Burmese actor and philanthropists

Wai Lu Kyaw (ဝေဠုကျော်) is a Burmese actor and philanthropists. He won the Myanmar Academy Award for Best Supporting Actor in 2010 with the film The Red Sun Above the Ocean (ပင်လယ်ထက်ကနေဝန်းနီ).

==Biography==
Wai Lu Kyaw was born in Nyaungdon, Irrawaddy Division, Burma, to Tekkatho Nyo Lwin Maung and Tekkatho Nyo Nyo Thein, both are Burma National Literature Award-winning writers who established the Panhlaing Publishing Press. He began his acting career in 1997 as a child actor, starring in the films With the Green Valley (အစိမ်းရောင်တောင်ကြားနှင့်) and Hna Lone That Pyint Yin Ya Par The (နှလုံးသားဖြင့်ရင်းရပါသည်).

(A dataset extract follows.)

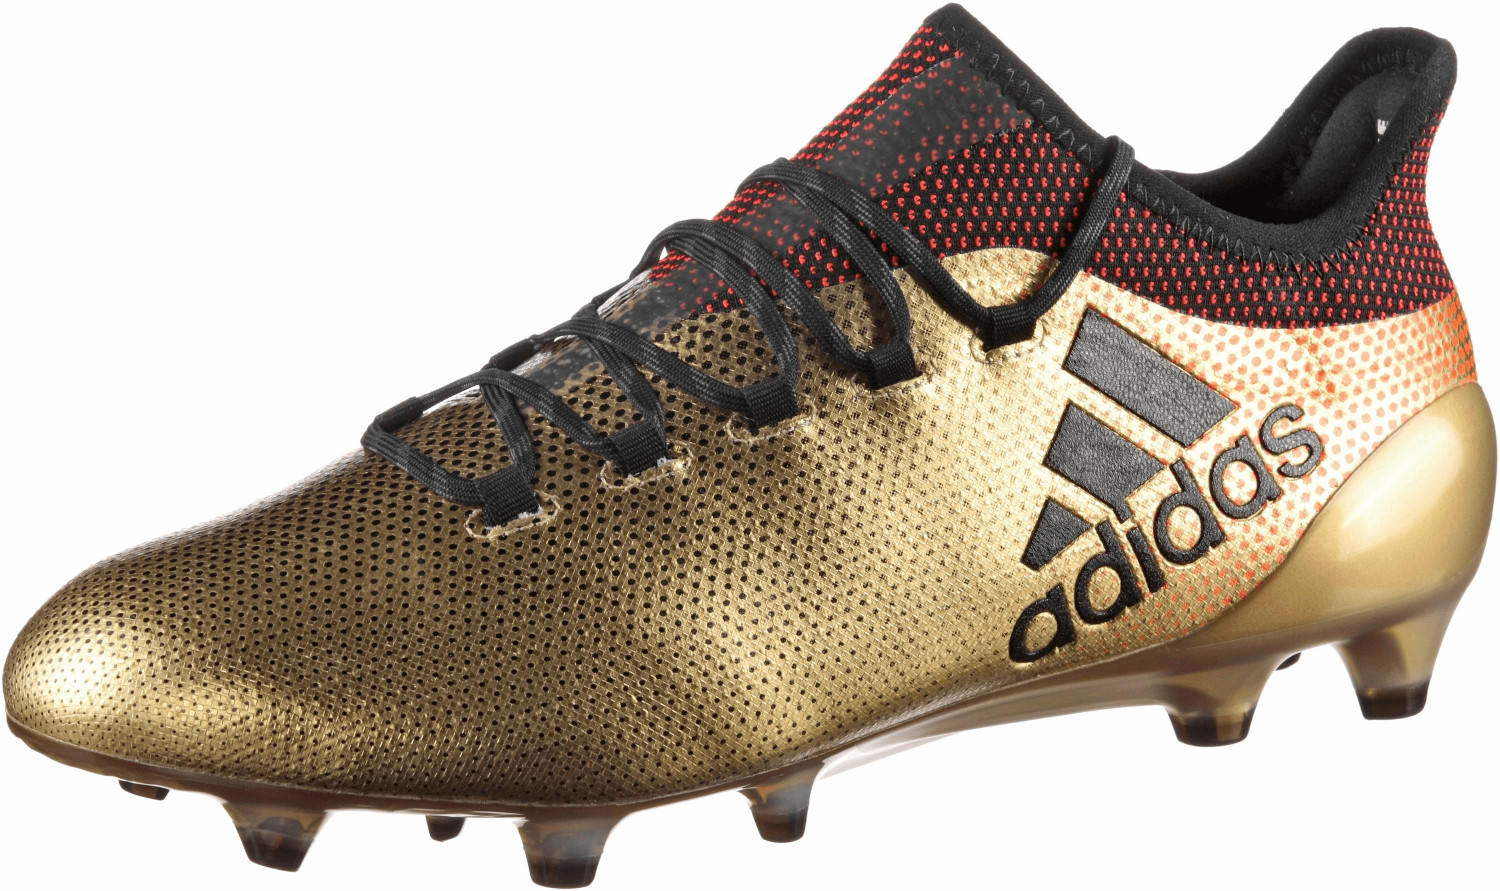 Adidas X 17.1 FG tactile gold metallic/core black/solar red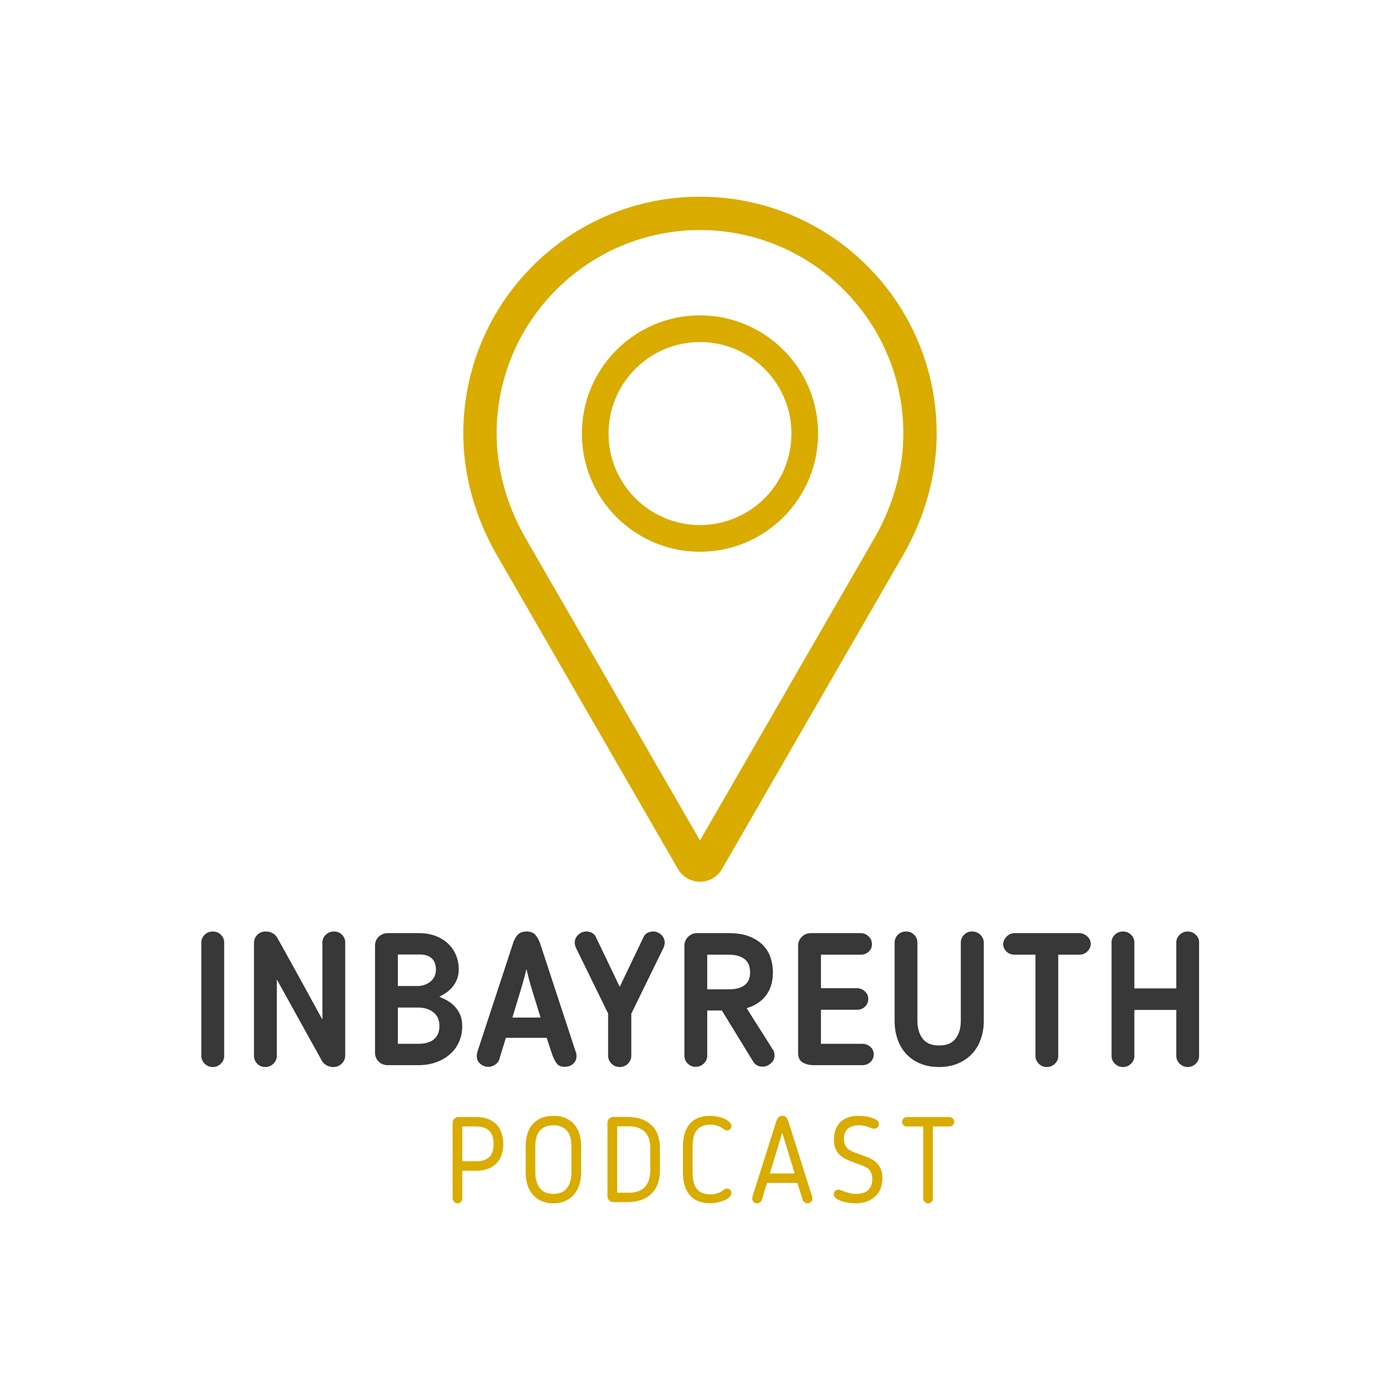 inbayreuth Podcast - Der Bayreuth-Podcast

Wai Lu Kyaw is also active in humanitarian and social relief work. He is a member of Myanmar Red Cross Society. He is also a founding member of the Consumer Protection Association, and a member of the Civil Society (Yangon), which splintered from the Free Funeral Service Society following disputes with Kyaw Thu.

==Filmography==

- Modern Yazawin (2014)
- 39 Bite Pu (2014)
- Kunlong Rak 40 (ကွမ်းလုံရက်၄၀; 2017)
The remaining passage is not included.